- Ligoua Location in Central African Republic
- Coordinates: 5°13′17″N 26°36′22″E﻿ / ﻿5.22139°N 26.60611°E
- Country: Central African Republic
- Prefecture: Haut-Mbomou
- Sub-prefecture: Obo
- Commune: Obo

= Ligoua =

Ligoua (also known as Likhoua, Ligua, Ligwa, and Ligoua-Zewia) is a village located in Haut-Mbomou, Central African Republic. The village has received several attacks from LRA from 2008 to 2020. Food is the reason for LRA to raid Ligoua.

== History ==
The first LRA attack in Ligoua occurred on 8 March 2008 when LRA raided the village and abducted five people. On 20 June 2009, LRA fighters attacked Ligoua. They looted residents' properties, burned houses, and killed one person. One month later, on 21 July 2009, LRA raided Ligoua and kidnapped 13 people. Onn 19 August 2009, LRA attacked Ligoua and kidnapped the villagers, including children and traders. Between the end of June to August 2009, LRA carried out seven attacks in Ligoua. By March 2010, Ligoua became a ghost town.

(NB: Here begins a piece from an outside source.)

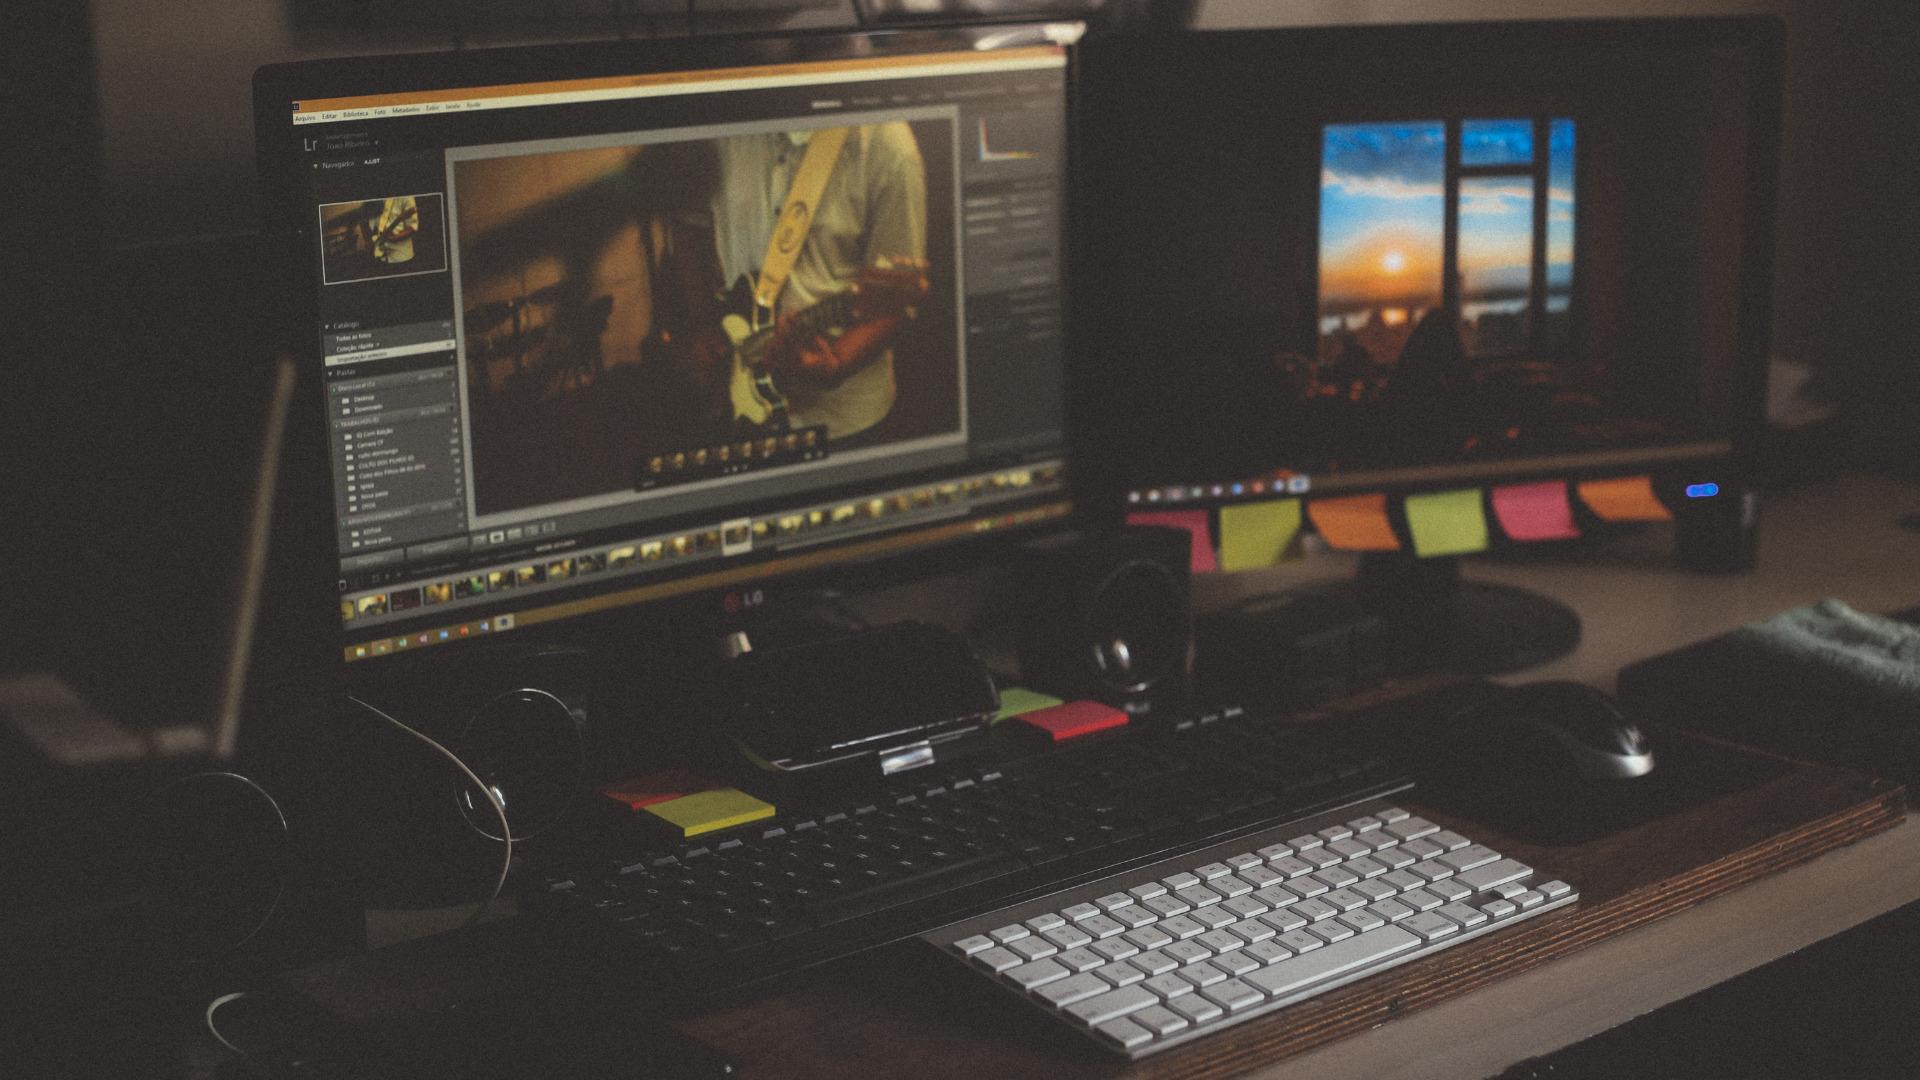 動画編集もできるおすすめゲーミングPCを紹介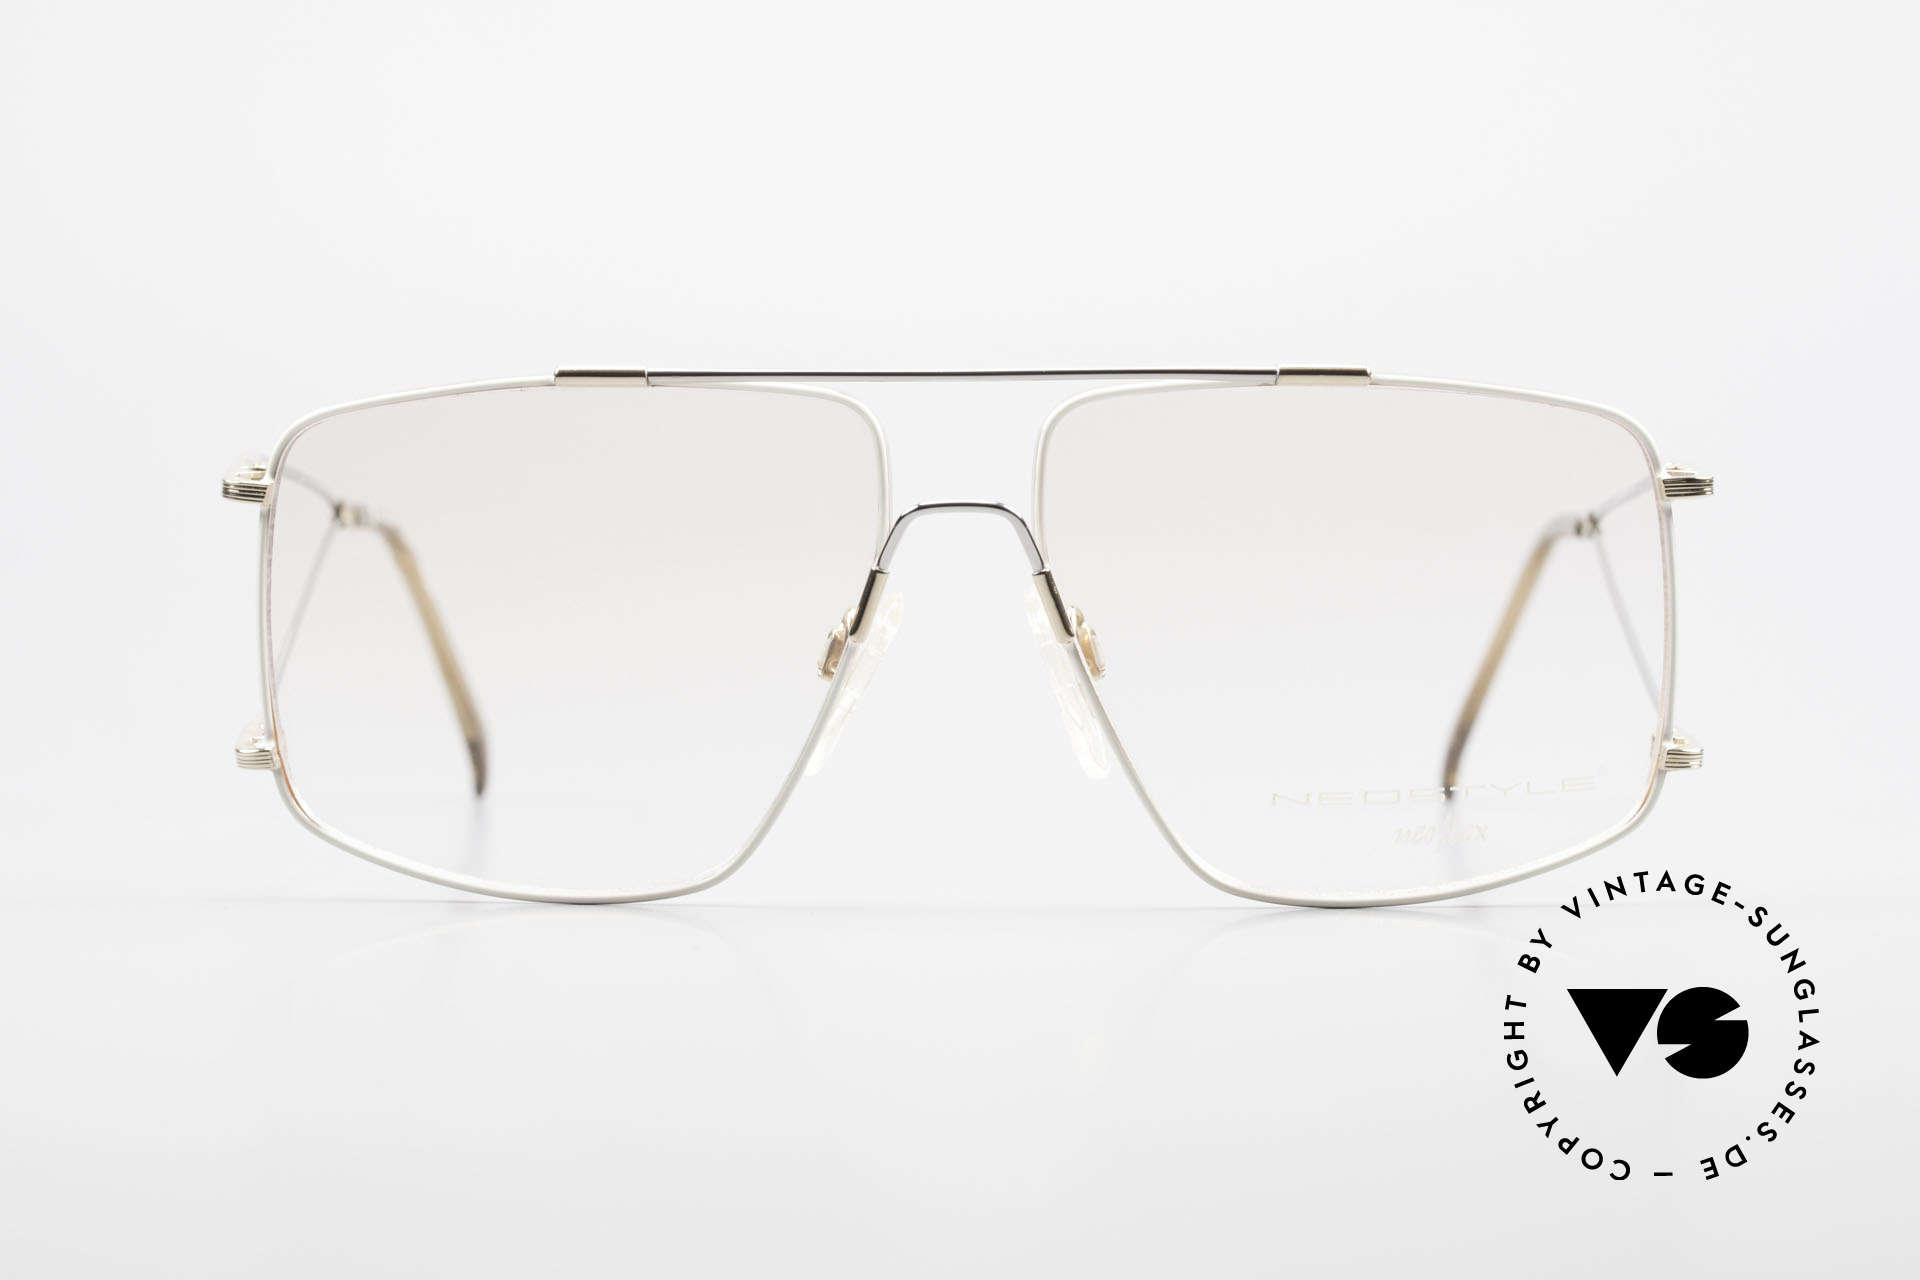 Neostyle Jet 40 Titanflex Vintage 90er Brille, enormer Tragekomfort, dank TITAN-FLEX Material!, Passend für Herren

Two high-frequency (HF) radios were set in Ligoua in May 2015 under the USAID-funded Project, SEEC.

Ligoua residents had to flee to Obo after receiving the news of three bodies found near the village on 30 October 2015, in which they were kidnapped and later executed by LRA bands.

On 13 February 2019, Ligoua was attacked by LRA militias. They abducted three people and looted villagers' properties before they fled to the bush. LRA raided Ligoua on 28 September 2020 at 3 PM and they kidnapped ten people. This attack resulted in the villagers seeking refuge in Obo.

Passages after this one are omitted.